Peter J. Baxandall (August 11, 1921, Kingston upon Thames, Surrey – September 8, 1995, Malvern, Worcestershire) was an English audio engineer and electronics engineer and a pioneer of the use of analog electronics in audio. He is probably best known for what is now called the Baxandall tone control circuit, first published in a paper in Wireless World.

Biography
Baxandall attended King's College School in London, then got his BSc in electrical engineering at Cardiff Technical College (1942). He was a radio instructor for the Fleet Air Arm for two years, and then worked for the Telecommunications Research Establishment (at the Circuit Research Division headed by Frederic Calland Williams), later renamed and merged to form the Royal Signals and Radar Establishment, until his retirement in 1971. After retiring he worked as a consultant on various audio projects including loudspeakers, tape duplication, and microphone calibration. During this time he continued to publish, including a "seminal chapter" on electrostatic loudspeakers. The Audio Engineering Society made him a Fellow in 1980, and in 1993 awarded him with a Silver Medal for his contributions to the field.
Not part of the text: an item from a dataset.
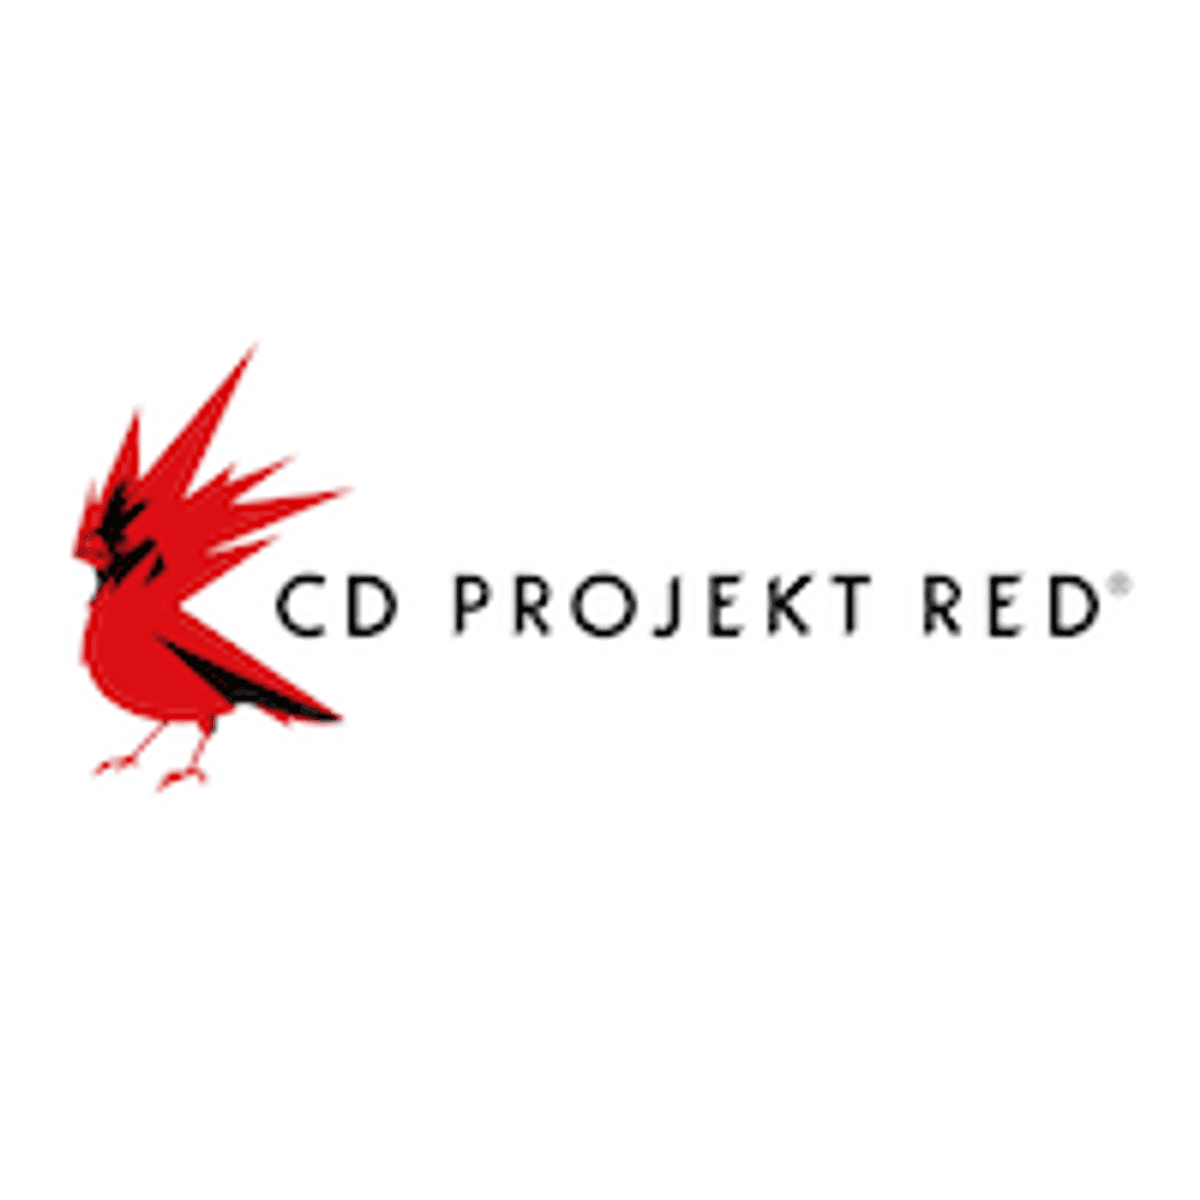 Gameontwikkelaar CD Projekt doelwit van chantage image

Baxandall tone control circuit
Baxandall's bass and treble control circuit, when made public in Wireless World (1952), "swept all others before it". An early version of the design had already won him an award in 1950 (a $25 watch) at the British Sound Recording Association, a predecessor of the Audio Engineering Society. The design is now employed in millions of hi-fi systems (Baxandall received no royalties for his work).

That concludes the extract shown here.